We were able to do that, using American General Social Survey data, because of a wonderful web interface hosted by the University of California at Berkeley. The survey includes a lot of very sensitive personal questions, ranging from income and health to sexuality and policy preferences. Berkeley’s web interface allows anyone in the world to run simple statistical tests without ever having to see the confidential data that sits in the database. The students could check whether survey respondents’ income, or those respondents’ education, or their scores on a vocabulary test, were stronger predictors of policy preferences.
But nothing comparable exists in New Zealand, even a decade later. Anyone wanting to run even simple checks on important policy questions in must jump through hoops impossible for most people to hurdle. Meanwhile, over 100 other countries have signed up with the University of Minnesota’s Integrated Public Use Microdata Series (IPUMS), which provides the same kind of simple web tool as Berkeley to enable people to use their own data. It is easier for most Kiwis to access and use other countries’ data than it is to access their own.

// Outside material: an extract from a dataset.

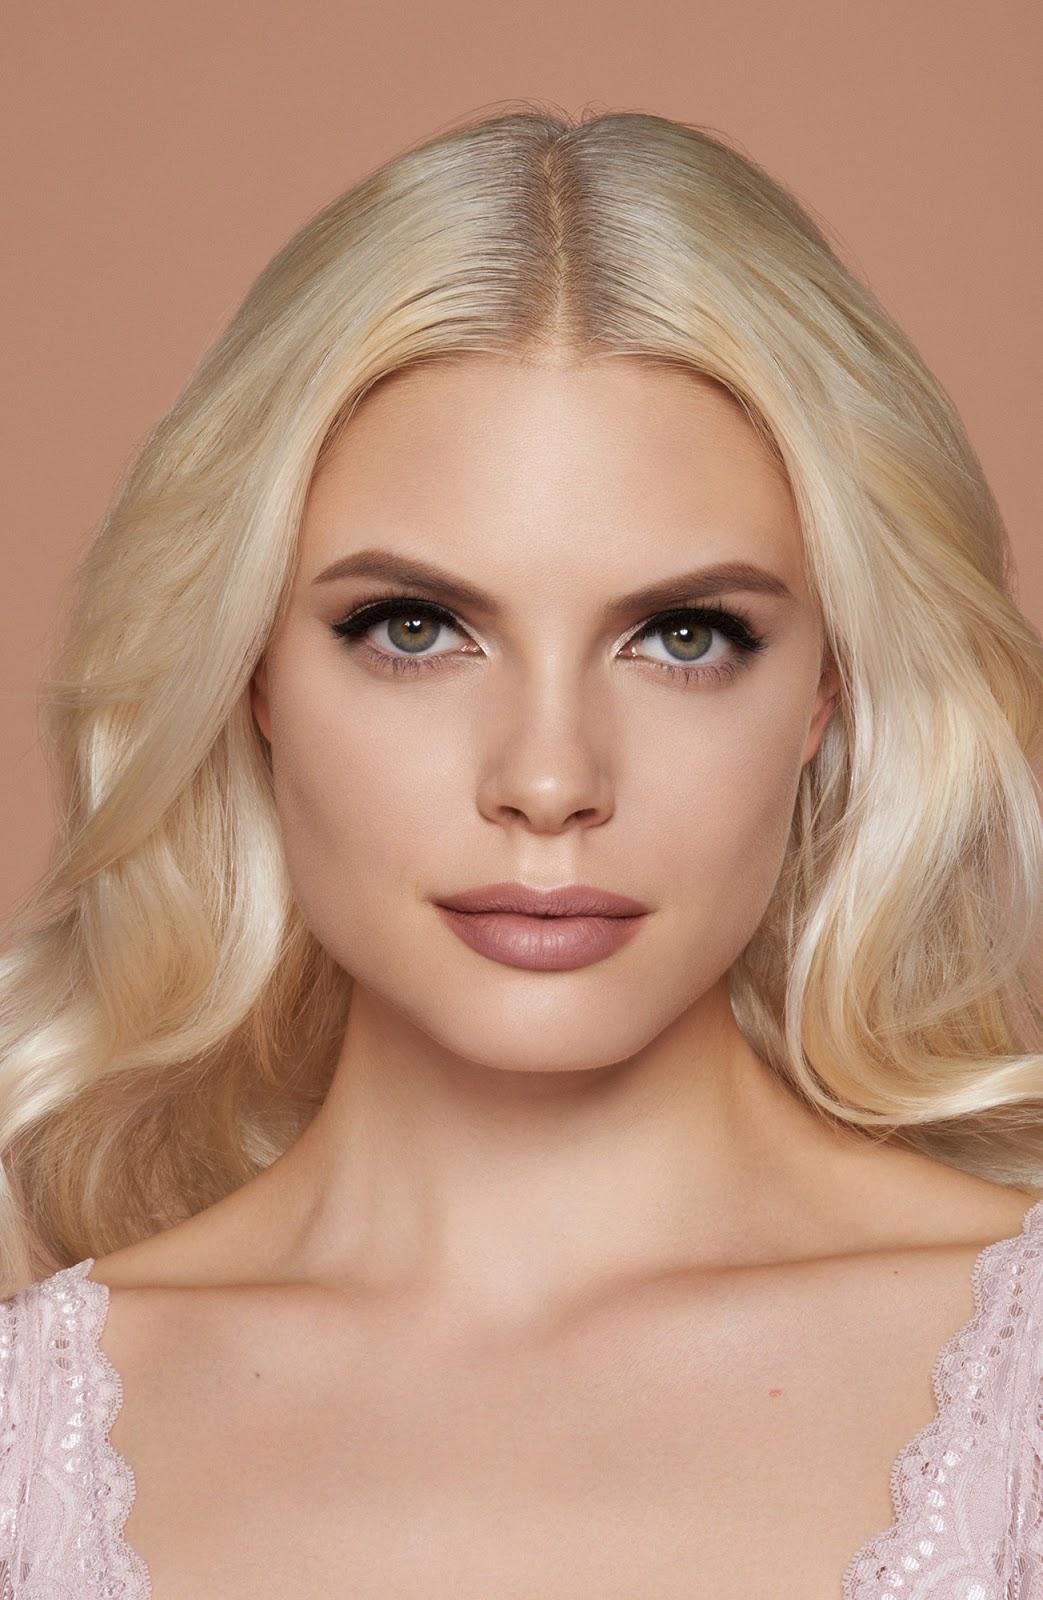 Tarte Cosmetics Advertising Campaign Rethink Natural

That builds resentment among those who, unfortunately correctly, see themselves as having data done to them rather than something that enables their own civic participation. When only the anointed few are allowed the key to the proverbial locked filing cabinet in the basement, and the plans that they there work on matter for policies that affect peoples’ lives, it is not that surprising that the subjects of that data would prefer to layer on even more controls restricting access, or blow up the filing cabinet entirely.
More substantially opening up New Zealand’s locked data filing cabinets to enable people to use their own data would not just help ensure social licence for that data, it would also strengthen government accountability. When anyone with a web browser can run simple checks on whether changes in policy improve outcomes, it is easier to avoid the kind of surprise that Arthur Dent found lurking in the planner’s disused lavatory.